Discussion in 'Fujitsu' started by benjim, Apr 20, 2011.
@Mak you'll have to use eGPU to circumvent that limitation, no other way around it.
That's sad - I like both T901 and 4K monitors
@Mak sadly, it seems only T726 supports 4K output - and that is through port replicator.
Hey all, for those with Windows 10 and the dual digitizer, did you find that installing the latest Wacom Feel Drivers causes the touch to stop working (but the pen still works)? Which drivers are you using, or did you just stick to the default Windows 10 pen support?
I'm hoping someone here has a solution for an issue I'm having with my T901's drivers. I will start by saying that when I'm working in Adobe Illustrator, I use a peripheral Wacom Intuous 4 small tablet on the side to do my points/lines. The problem is that lately I can't get the driver for it updated on the T901 without corrupting the main digitizer driver on the computer. I have to go back and run troubleshooter on the harware/devices, let it find the main pen driver w/issue, fix it, and then pressure sensitivity returns. Unfortunately that then renders the Intuous non-functional. I know I've had them both working compatibly previously in the past, and I need both working together for my design projects. Does anyone here know how to get the drivers working together simultaneously?
This is a Windows 7 64-bit system.
I think I have figured it out. I found older drivers for each, and they seem to be working together now.
@cnahm, glad you figured it out. I had the same problem with a Bamboo tablet and had to downgrade tablet pc drivers all the way to 7.1.x. I complained to Wacom about it and they basically blew me off by claiming that nobody uses tablets that way. Ugh.
It definitely seems to be a pattern with their newer drivers, as I've heard that Cintiq drivers will also not work with Tablet PC drivers. I guess they don't want me buying their products.
Heh, in a way sort of it is good to know I wasn't alone in that problem! It's a bit alarming though that one has to use such old drivers to keep it running correctly. I hope that down the road driver updates don't corrupt the two devices working together. I guess it'll be important to save the driver files on a backup drive.
Where exactly is the main T901's pen driver located, for future reference? The naming of the pen and touch human interface devices is a bit misleading...
"The naming of the pen and touch human interface devices is a bit misleading..." and Wacom has the habit of changing the names from one driver version to the next. I've had to "adjust" an AutoHotKey script to accommodate that.
So true. Every time I reinstall the driver, I have to redo my Tray Touch Toggle. It's so annoying.
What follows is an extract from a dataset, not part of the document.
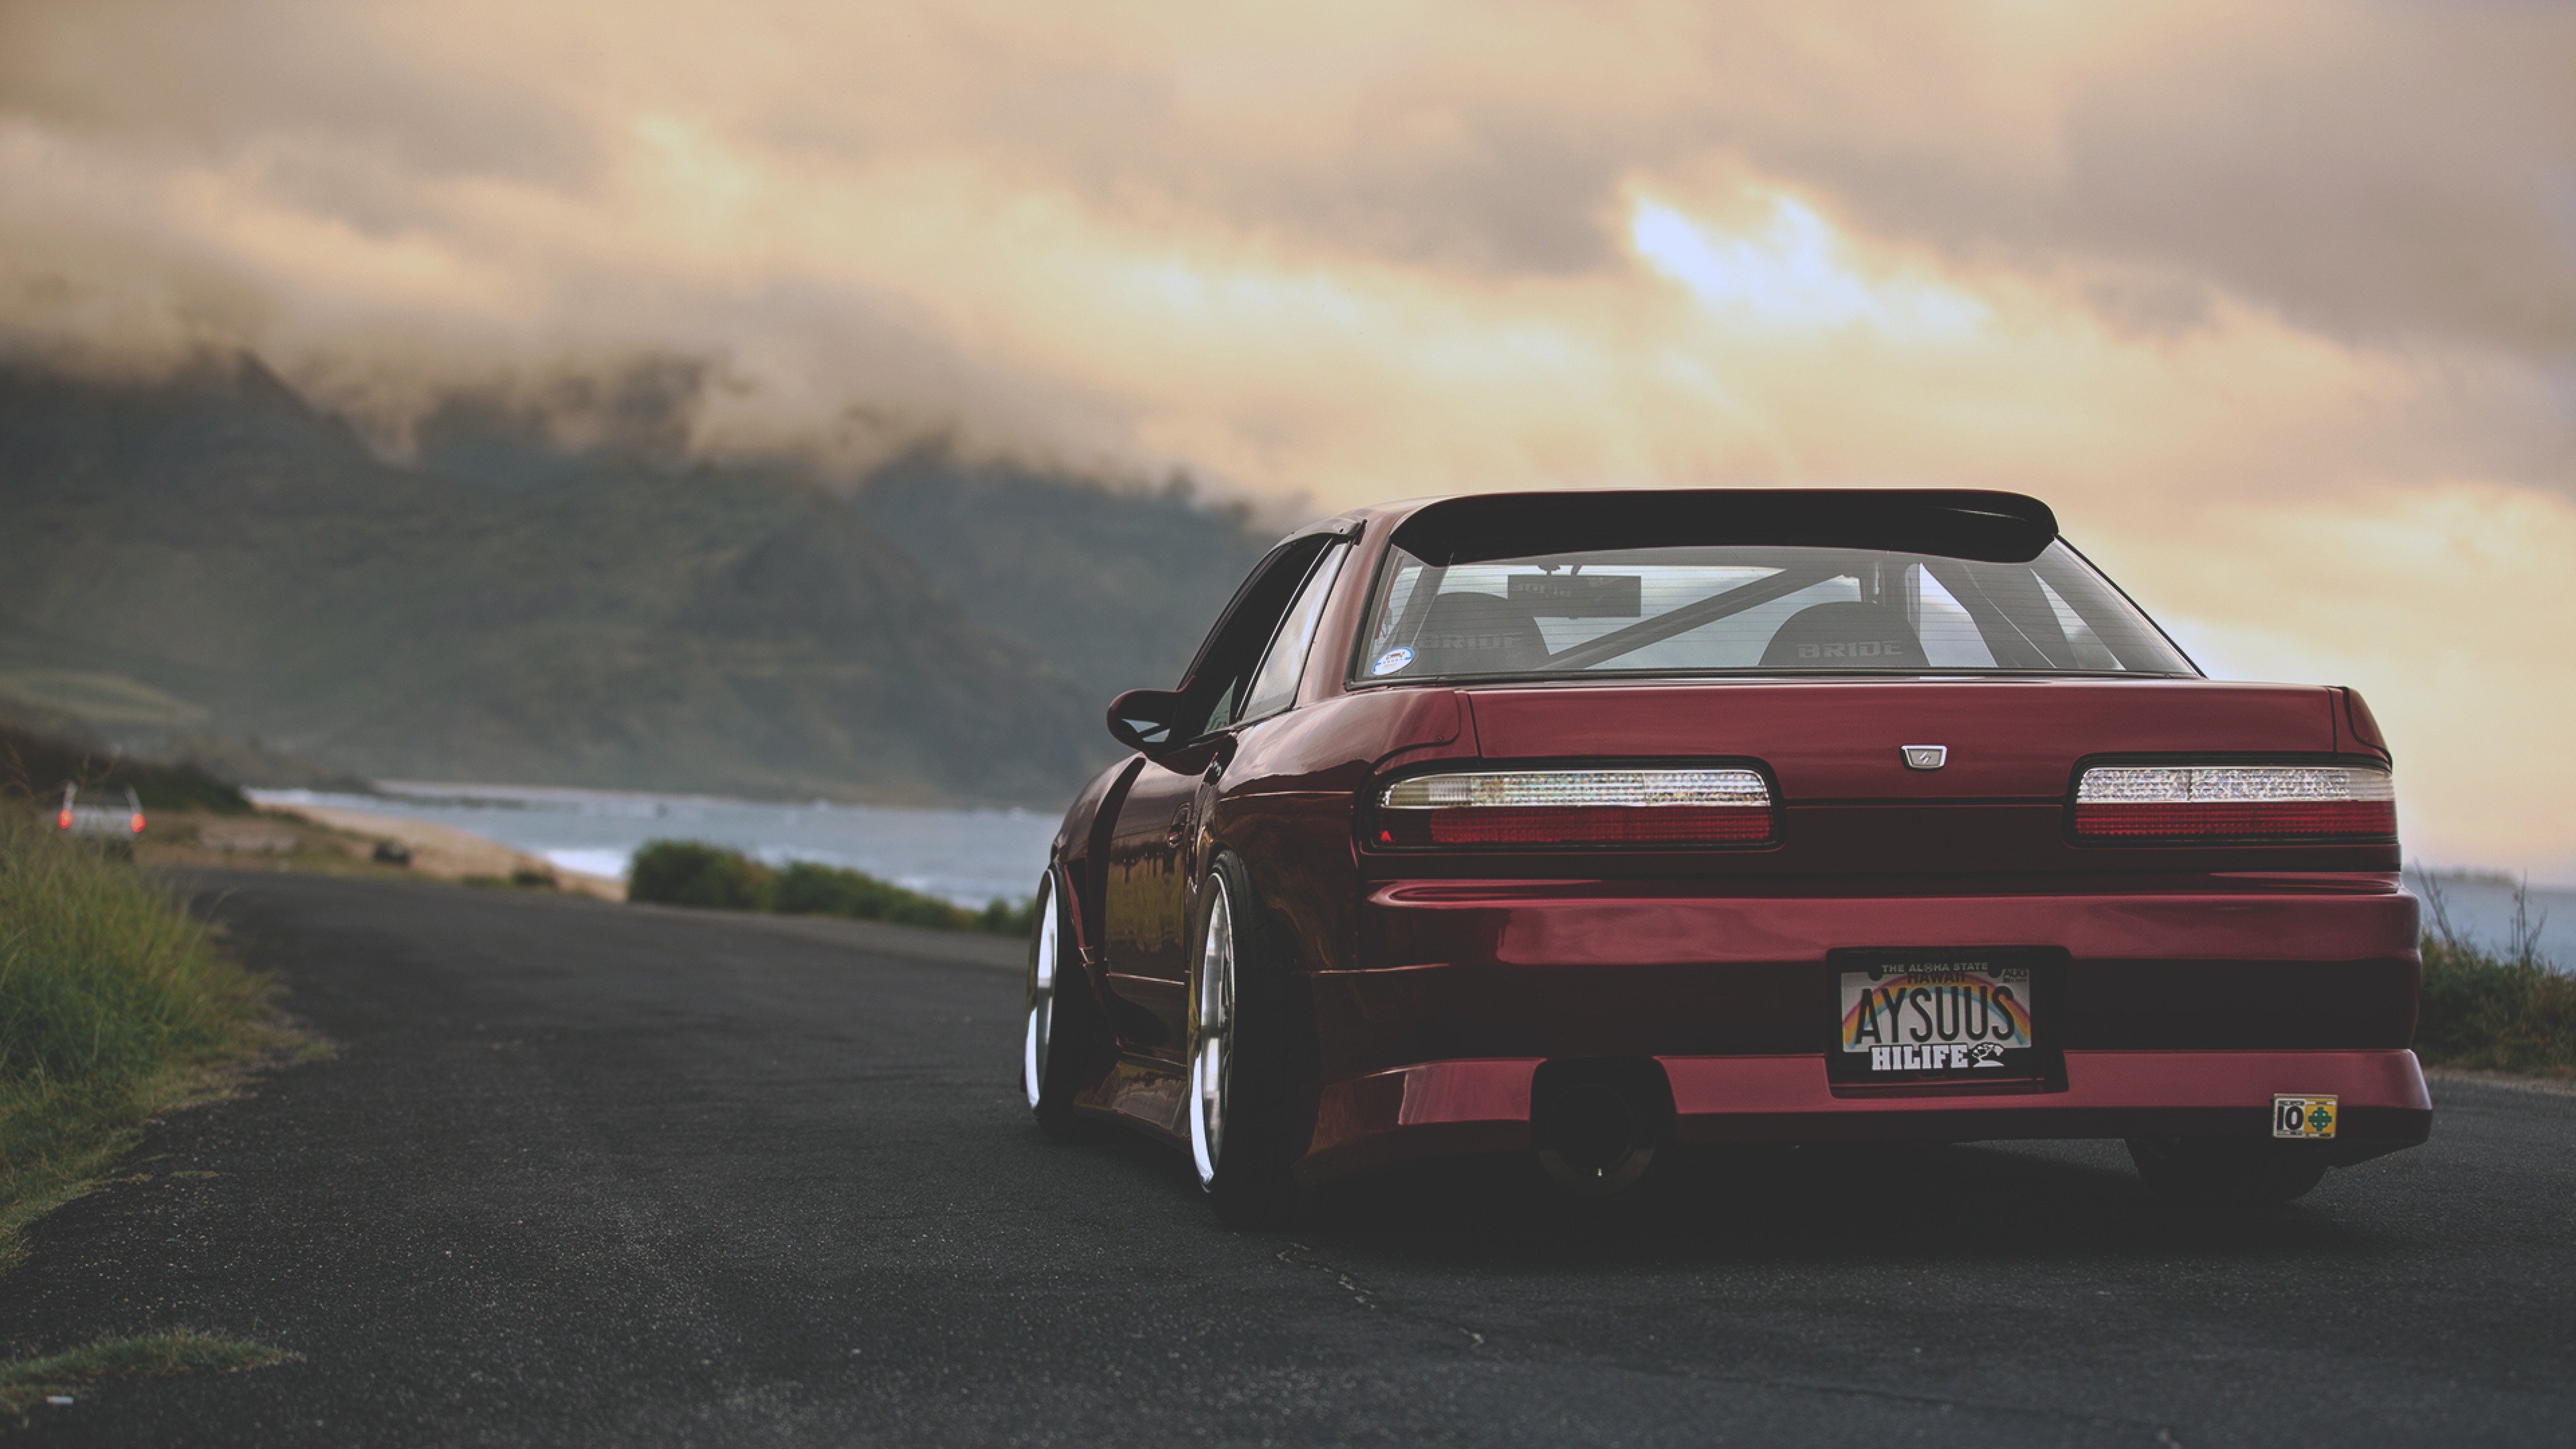 Jdm Aesthetic Wallpaper X See More Ideas About Jdm Wallpaper

If you want to find the exact device instance ID, you can use DevManView and enable/disable devices until you find the one that affects the pen and match that one up to what's in device manager. Me, I just uninstalled all the HID pens I saw when I set up Windows 10. Only then could I install the older Wacom driver and have it actually work.
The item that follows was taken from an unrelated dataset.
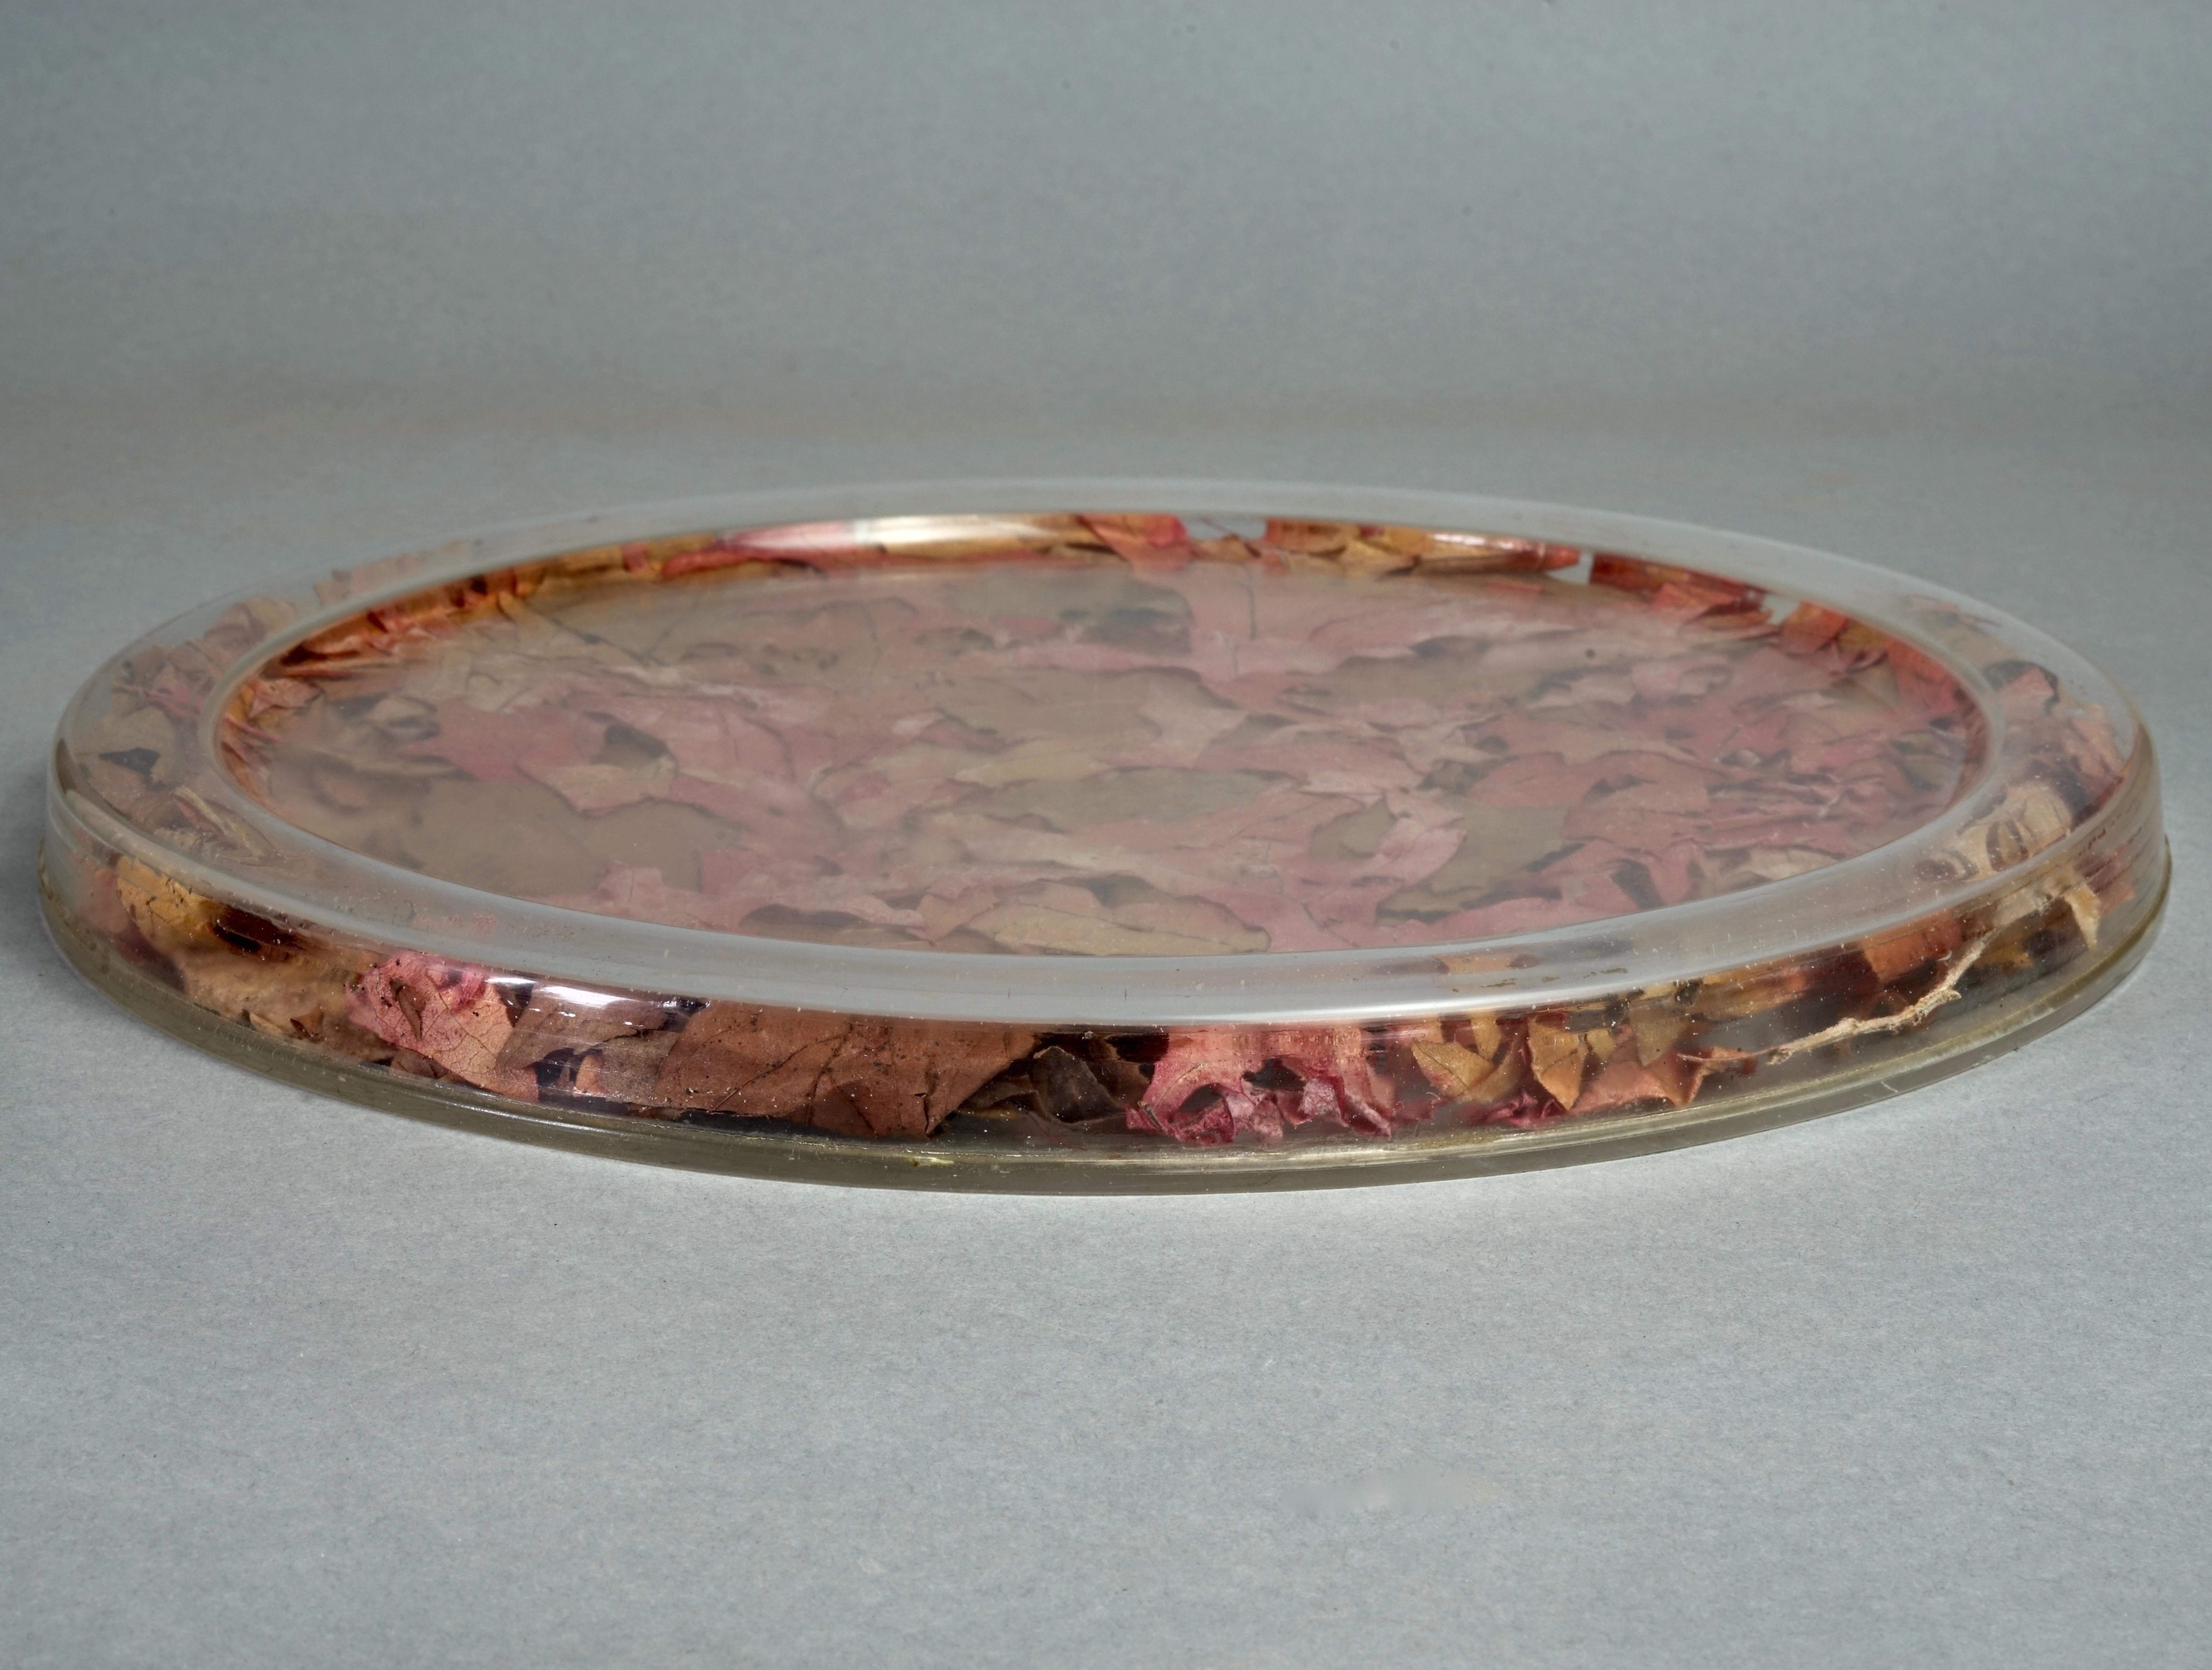 Brown Vintage 1970s CHRISTIAN DIOR Autumn Leaves Lucite Serving Tray For Sale

Since you're still on Windows 7, I don't think driver updates will be an issue for you the way it is in Windows 10. But yeah, I'm definitely keeping an offline copy of the Wacom driver since apparently Wacom doesn't list older drivers anymore.
I got a quad core to put in my T901! *insert dance gif of choice here* It's an i7-2720QM, replacing an i5-2520M. So there's a decent power boost.
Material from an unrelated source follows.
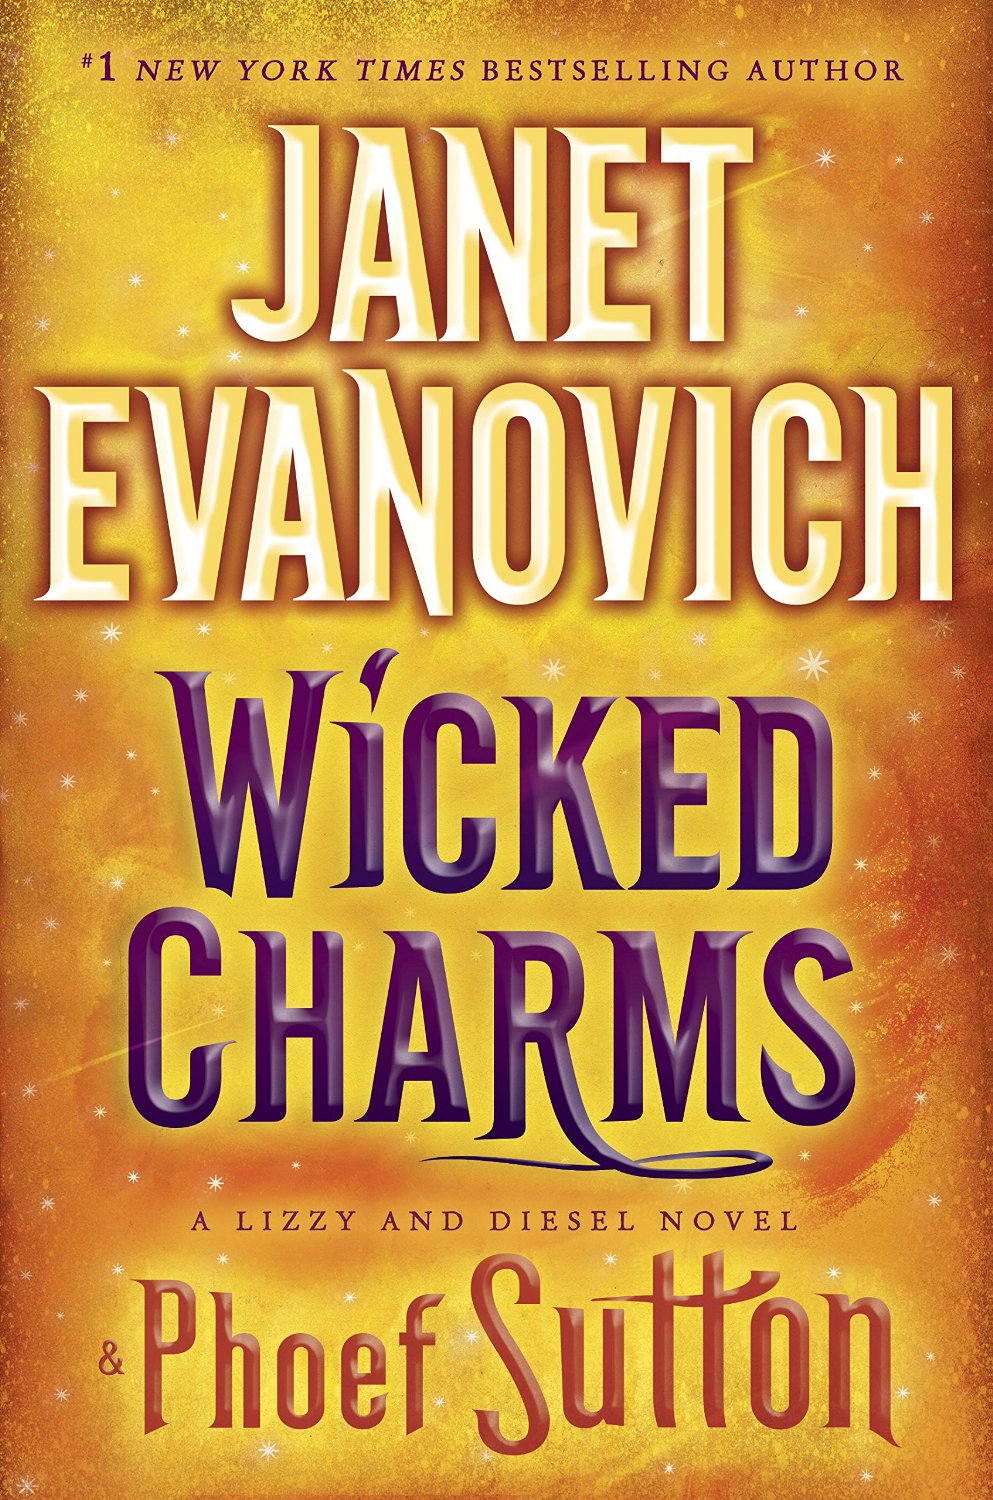 Evanovich Wicked Charms

I even remembered to do "before" benchmarks! I almost didn't, because I wanted that CPU in as soon as it arrived.
Here are the benchmarks I did for my i5-2520M, with what turned out to be fairly dried out Arctic Silver 5:
Cinebench: 131 cb
wPrime: 26.5s (32M) and 1158 (1024M)
CPU-Z: 149 (single), 528 (multi)
PCMark8: 2079 (home), 3907 (work)
Here are the bench marks for the i7-2720QM with some fresh ICD7:
Cinebench: 372 cb
wPrime: 13.7s (32M) and 484.9 (1024M)
CPU-Z: 271 (single), 1232 (multi)
PCMark8: 2385 (home), 4240 (work)
The benchmarks are pretty meaningless to me, and I wasn't sure which ones to do, so I just did a bunch. I can run more for the i7 if anyone wants me to.
Benchmarks aside, I can definitely feel the speed boost. Web browsing is snappier, which kind of pisses me off, because that's a glaring sign that yes, I do need a new machine eventually, I can't keep using the T901 forever. But the quad core should buy me some time to wait for a machine that I can fall in love with.
As for temperatures, well... I have to keep reminding myself that I didn't get a quad core for cooler temps. Maybe I just suck at pasting CPUs or maybe I just have too much background stuff going on, but my idle temps, while I'm on, are still in the ~50C range. The temps do drop to high 30s after the computer goes to sleep. I did see a bit of throttling during benchmarks, but not that much, which I'm fairly pleased with.
I'm not planning on pushing the quad core very hard, so burn out shouldn't be a problem.
My T901 has reached its ultimate form. The only thing left to upgrade is the wifi card, and maybe I'll do that at some point.
I'm gonna really miss this kind of thing when I move on from the T901. Upgrading components yourself is so satisfying. I hate that everything's so locked down nowadays.